Born in 1914, Hinde grew up in Adelaide. He started studying medicine at the University of Adelaide, but dropped out and married. After a short-lived marriage he went first to Melbourne and later to Sydney.[1]
In Sydney, Hinde got a job with The Daily Telegraph in 1937, but was sacked by the editor, Syd Deamer, who mistook him for someone else. Hinde then took a job with the Labor Daily, but soon left because of a political disagreement. Deamer later became editor of ABC Weekly and rehired him.[1] Hinde then joined the ABC News and Current Affairs department in 1939 and in the same year married for the second time to Barbara Jefferis, who later became a well-known novelist.[1]
In 1942 Hinde got a break as a war correspondent, after senior correspondent Haydon Lennard was badly injured in a plane crash in New Guinea.[2] Hinde was attached to General Douglas MacArthur's headquarters in 1942, first in Melbourne and then Brisbane, and eventually got to New Guinea and the Pacific.[2]
Hinde was hurt at Hollandia in Netherlands New Guinea, after a Japanese Betty bomber bombed a US Army ammunition dump. His eyes were badly injured, which affected him for the rest of his life.[2]
After the war Hinde returned to Sydney and was responsible for writing the ABC's first television news bulletin.[1] But in 1963, with no career progress, a frustrated Hinde resigned from the ABC and for three years, with his wife earning a good living from her novels, Hinde indulged in electronics, his favourite pastime.[1]
After the ABC's previous reviewer, Frank Legg, was killed in a car crash, Hinde was offered freelance work as the film critic.[1][2] To start with he received £30 and tickets to three movies a week which he then critiqued on a radio show, initially on 2BL, but later on Radio 2 and ABC regional radio.[1]
Hinde made the transition from radio to television, in 1983, and found the switch surprisingly easy.[1] He found though that on television he could not be as critical as on radio, but the value of showing footage made up for that. By 1986 he was doing film reviews every Sunday night as part of the ABC Television news.[1]

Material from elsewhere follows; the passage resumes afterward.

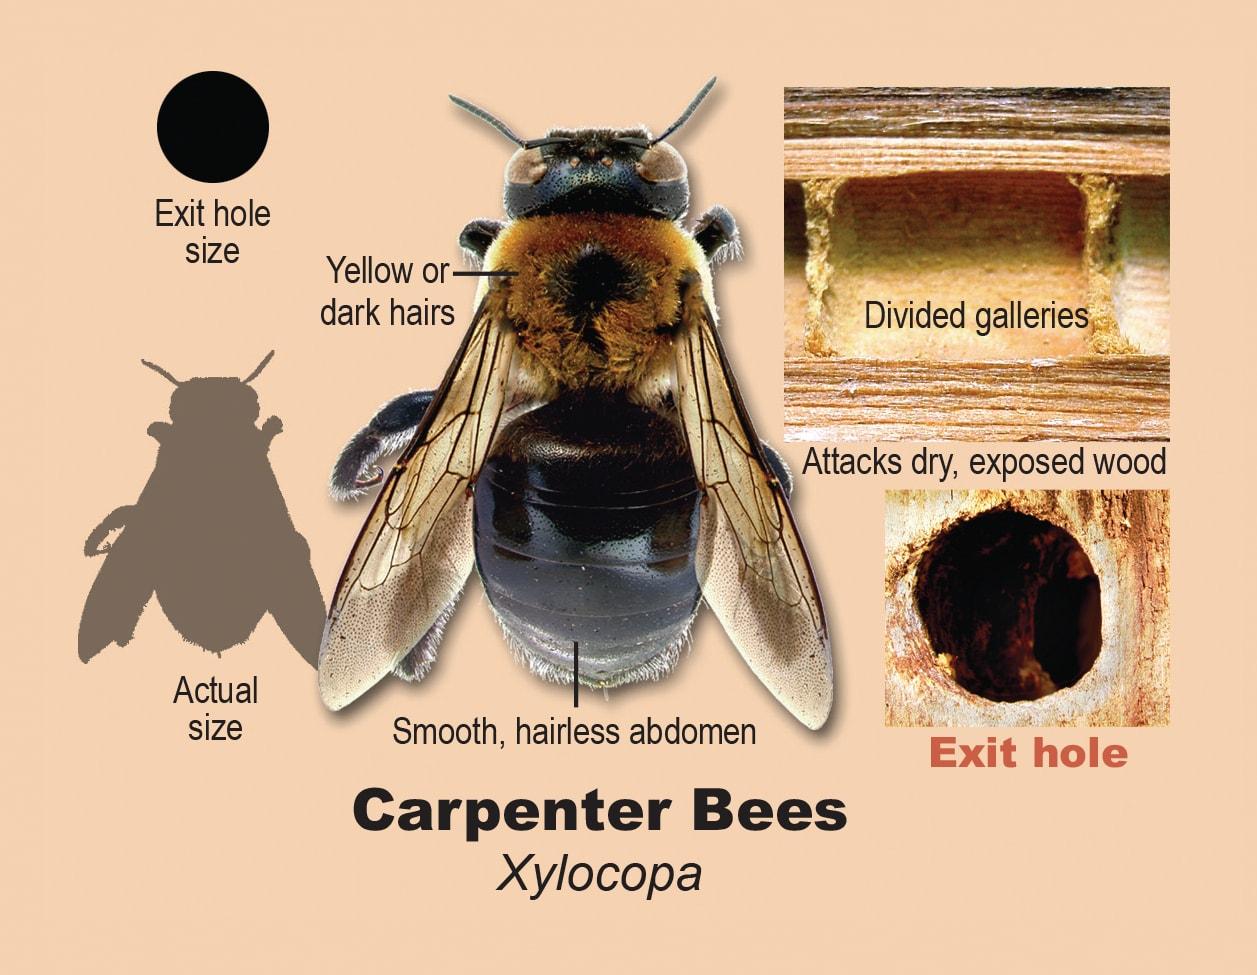 Carpenter bees.

Towards the end of his career, Hinde gained a new generation of fans through appearances on comedy programs like Elle McFeast's ABC show McFeast. He was renowned for outrageous skits on the show, even donning high heels and pink tights for McFeast's foray into the Sydney Gay and Lesbian Mardi Gras. He was astonished that he had gained a cult following, saying "When I went to Adelaide recently, young people were stopping me in the street everywhere".[1]
On 10 June 2002, Hinde was appointed a Member of the Order of Australia in the Queen's Birthday Honours list "for service to the film and media industry, particularly through the Australian Broadcasting Corporation.[1][3]
In 1999, with his eyesight failing and threatened by blindness, he was obliged to retire because he could not watch films properly. The last film that John Hinde presented on the ABC was Odd Man Out, starring James Mason and Kathleen Ryan, on 15 December 1999.[4]
He died on 4 July 2006 in a nursing home in Sydney.[5]
The John Hinde Award for Excellence in Science-Fiction Writing is funded by a bequest left by Hinde. Intended to encourage and reward creativity in science-fiction writing for feature film, television, web series, and interactive media, the award is worth $10,000 for the best produced script, as well as professional support for the best unproduced script. It is administered by the Australian Writers' Guild and awarded at the AWGIE Awards ceremony.[6]
Upon Hinde's death the Barbara Jefferis Award was created in 2007 in honour of Hinde's late wife of 64 years, Barbara Jefferis. The literary prize will be one of Australia's richest, the result of a $1 million bequest by Hinde.[7]